#### EXERCISE GOAL
Reproduce the lines below exactly. Begin with the first, end with the line containing "(fundo desfocado do", and leave out the pictures.

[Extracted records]
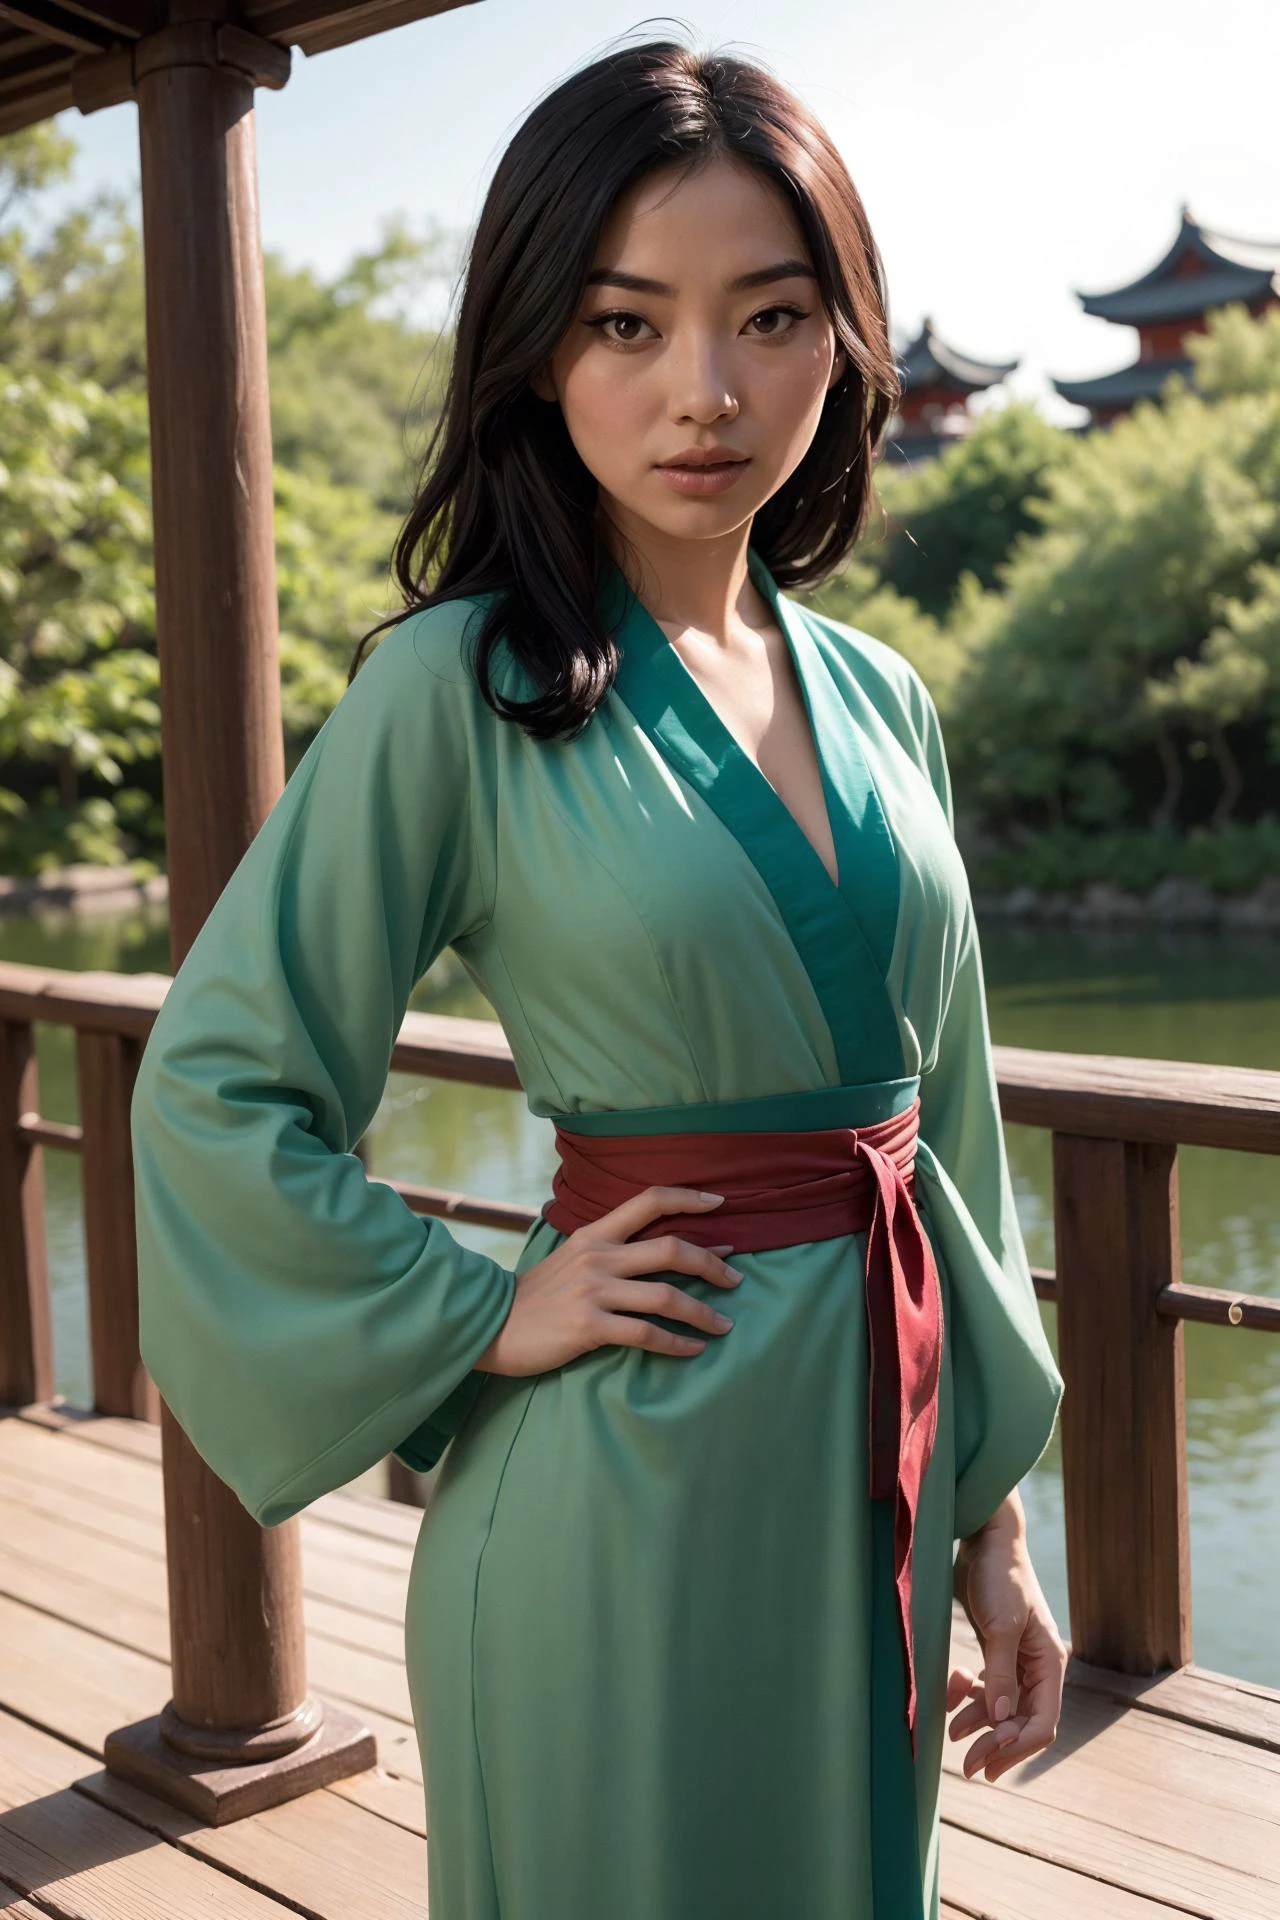 foto de Fa Mulan, uma linda mulher, (magrelo:1.2), ajustar, pele perfeita, cabelo detalhado, rosto detalhado, olhos lindos,
((mangas compridas, vestido verde, faixa vermelha)),
(fundo desfocado do jardim de Suzhou, cênico), (pose sexy em pé), (Vista da frente),
Erótico, elegante, Sensual, sedutor, (Obra de arte, melhor qualidade), (fotorrealista:1.4), corpo todo, iluminação perfeita, (melhor sombra),
(mulanwaifu, roupas japonesas, quimono),

#### REPLY
 foto de Fa Mulan, uma linda mulher, (magrelo:1.2), ajustar, pele perfeita, cabelo detalhado, rosto detalhado, olhos lindos,
((mangas compridas, vestido verde, faixa vermelha)),
(fundo desfocado do jardim de Suzhou, cênico), (pose sexy em pé), (Vista da frente),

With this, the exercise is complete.